**Task objective**
Print the line containing "Coping with Nausea and Vomiting" and all lines after it, unchanged, through the end of the data. Leave the pictures out.
[Data block]
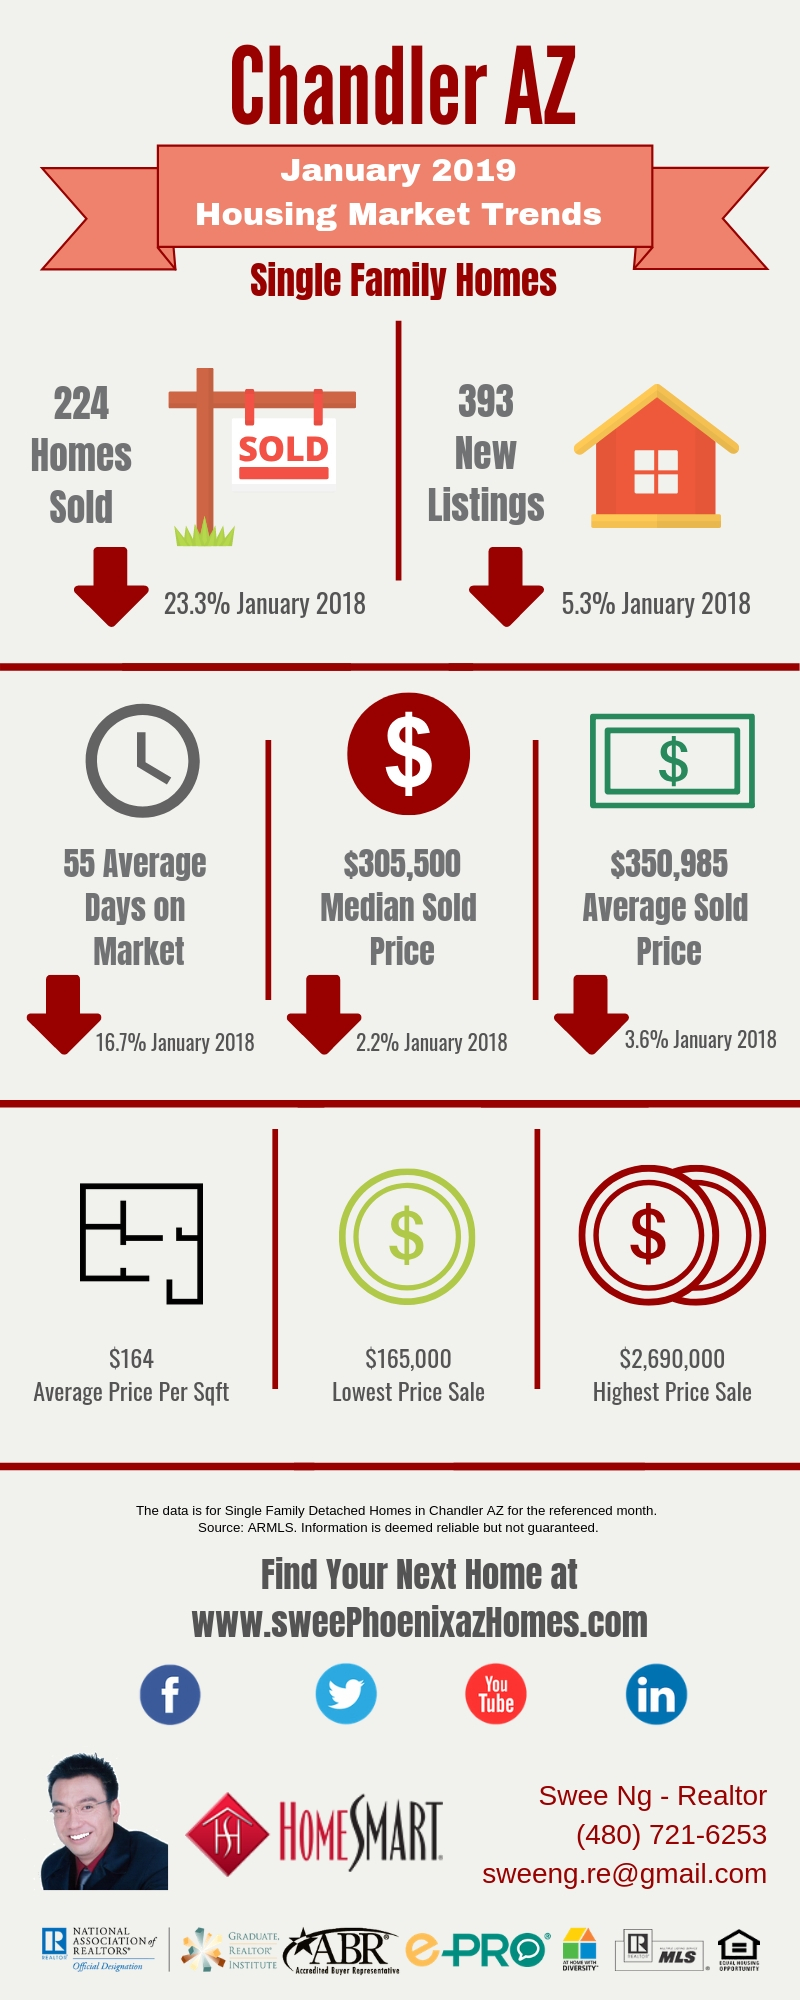 Chandler AZ Housing Market Update January 2019 by Swee Ng, House Value and Real Estate Listings
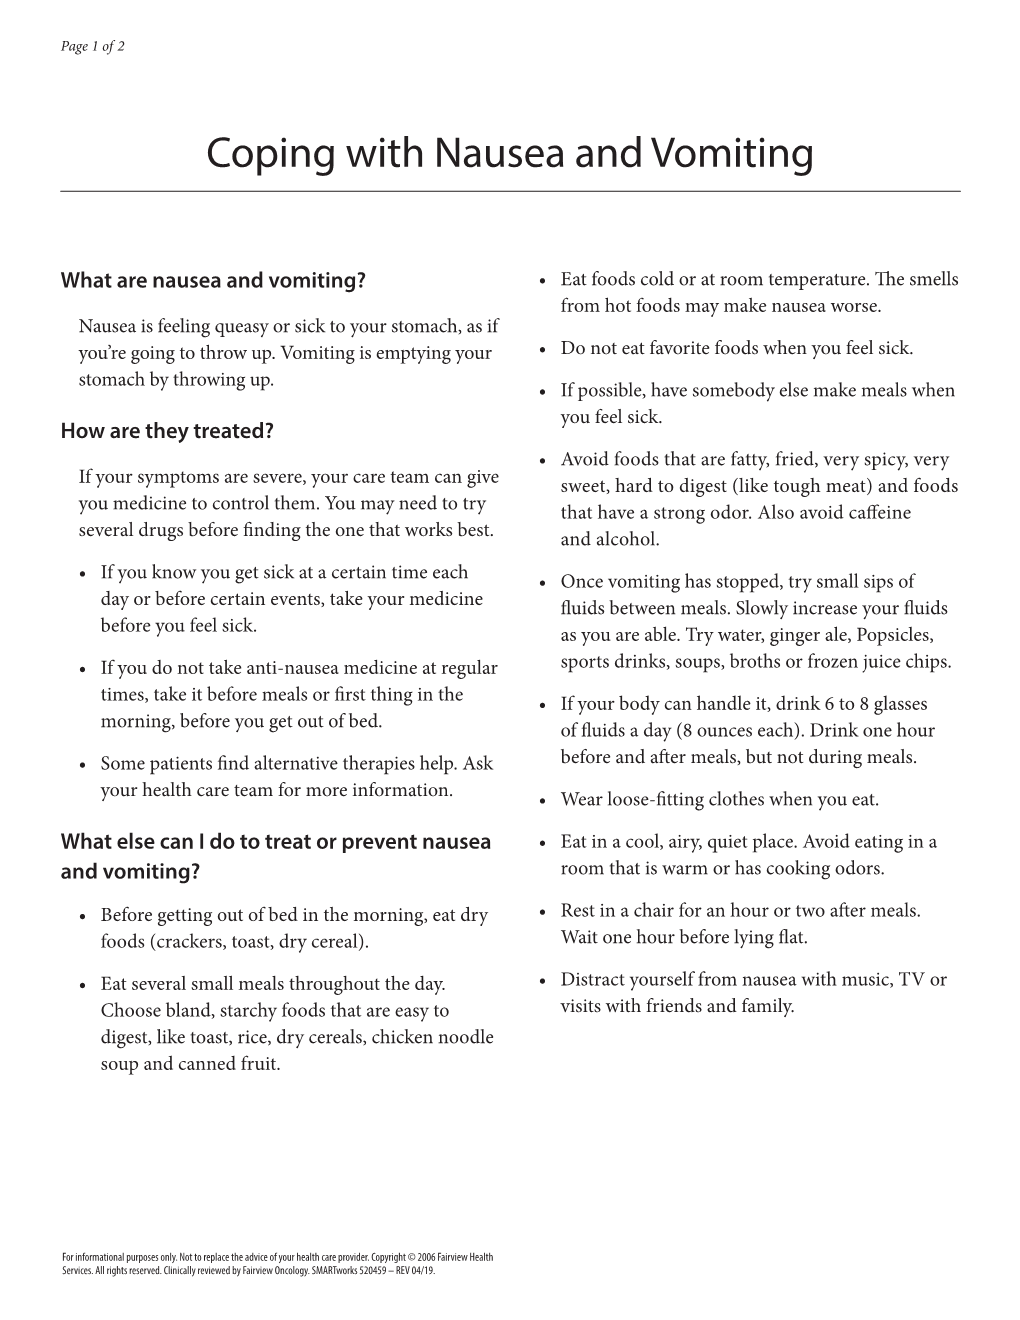 Coping with Nausea and Vomiting
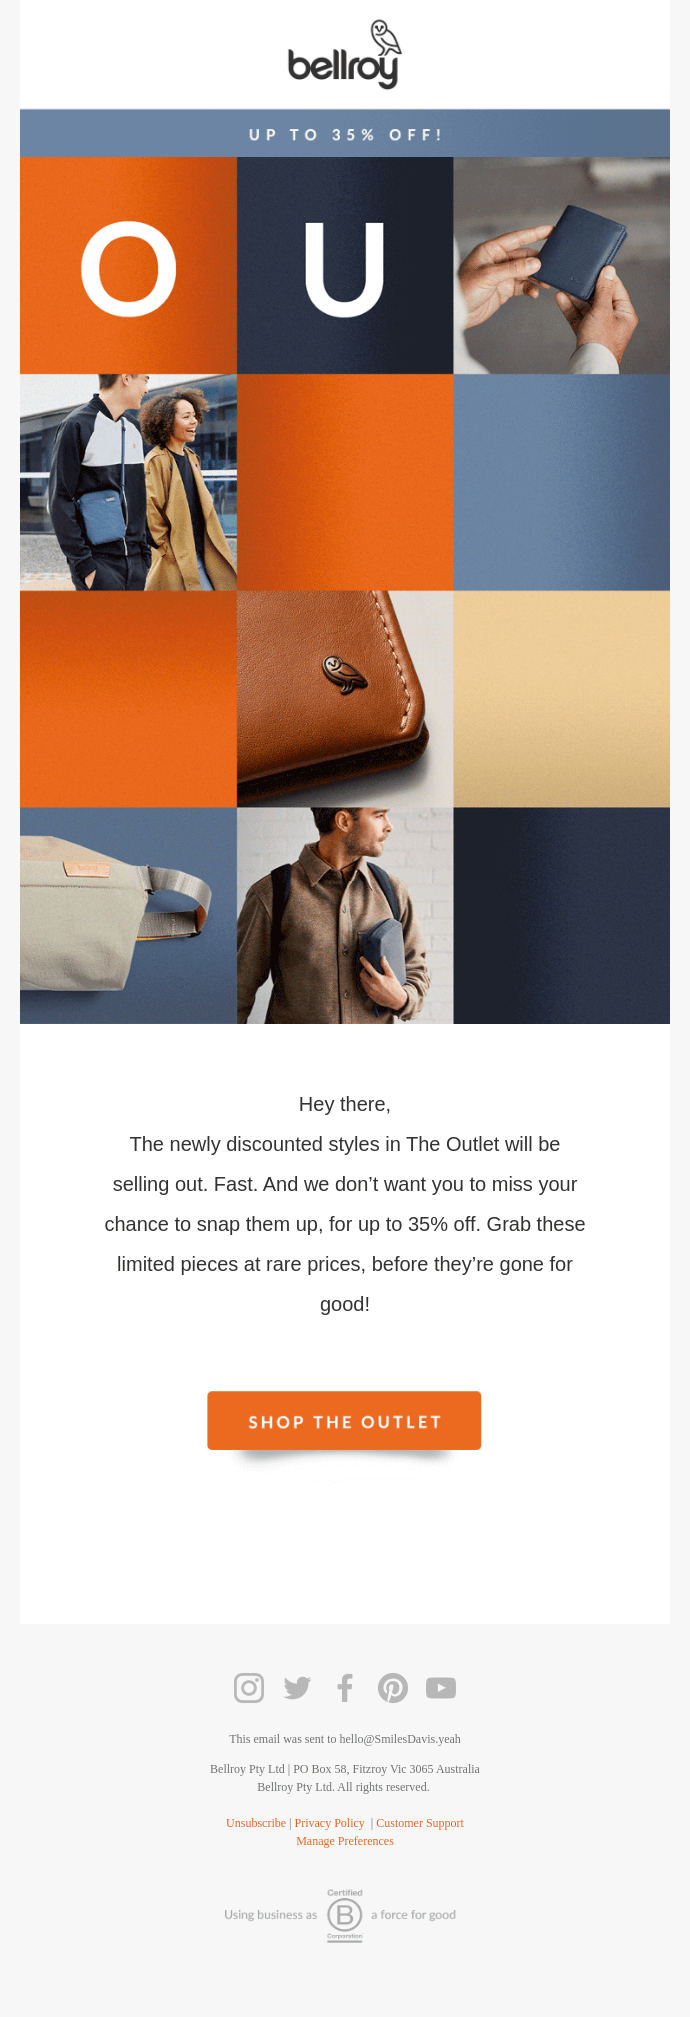 Exclusive first access. - Bellroy Email Newsletter
[/Data block]
**Final answer**
 Coping with Nausea and Vomiting
 Exclusive first access. - Bellroy Email Newsletter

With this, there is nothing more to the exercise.